I’m not saying that movies and TV shows need to cleave to openly broad comedy or straight drama; but they should at least commit to something, be it a tone, a point-of-view, or an insight. The indie comedy Obvious Child (another 2014 Sundance entry) is a good counter-example to the likes of Wish I Was Here. Writer-director Gillian Robespierre and star Jenny Slate tell yet another story about an adult whose romantic and professional lives are a complete mess: an aspiring stand-up comedian named Donna who’s still living like a college sophomore, and barely getting by in New York. But there’s a specificity to Obvious Child that affects everything from the way it handles Donna’s job to her unplanned pregnancy. The movie goes deep into some very personal places, without ever losing its sense of humor. (In that way, it’s similar to Humpday, a much better film by Shelton.)

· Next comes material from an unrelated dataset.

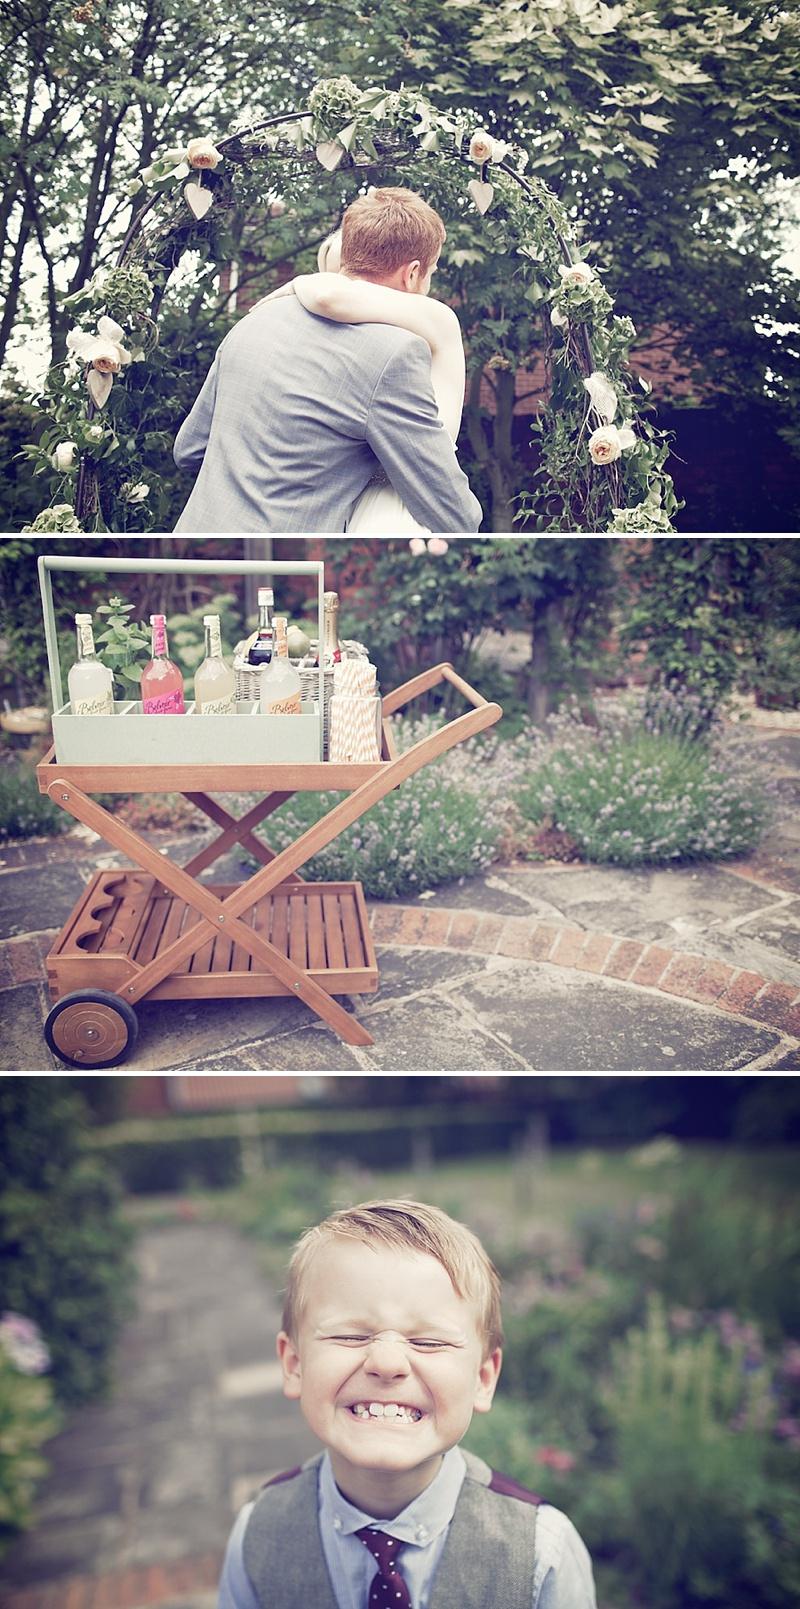 An english country backgarden humanist wedding with Biba dress tipi reception_0010

Obvious Child isn’t a flawless film, by any means. But it’s funny and honest, and it’s frequently as poignant as Wish I Was Here wants to be, without trying so hard. More importantly: When I watched Obvious Child, I never felt that Robespierre and Slate didn’t know what they were talking about. They’re not dealing with life in the abstract, and they’re not afraid of losing the audience if they don’t pepper every minute with a kooky moment, a laugh-line, or a life-lesson.

Last year—and last Sundance—was actually a great one for American independent film, with a slate ranging from ambitious, high-profile movies like Boyhood and Listen Up Philip to small, artful pieces like Whiplash and Love Is Strange, and good, gamy genre pictures like The Guest and Cold In July. This year may be just as strong, though, as I flip through the program guide, I see movies with not-so-promising descriptions: “With his 20th reunion looming, Dan can’t shake his high school insecurities” and “Will Henry is a newly single graphic novelist balancing being a parent to his young twin daughters and teaching a classroom full of college students, all the while trying to navigate the rich complexities of new love and letting go of the woman who left him.”


Festival catalog descriptions are notoriously dispiriting, so it could be that all of the above will turn out to be brilliant. At the moment, they seem to be pitched to the kind of person who like their indies soft and familiar. I hope that’s not the case. I hope these films won’t be like Wish I Was Here: drawing a cartoon and passing it off as a portrait.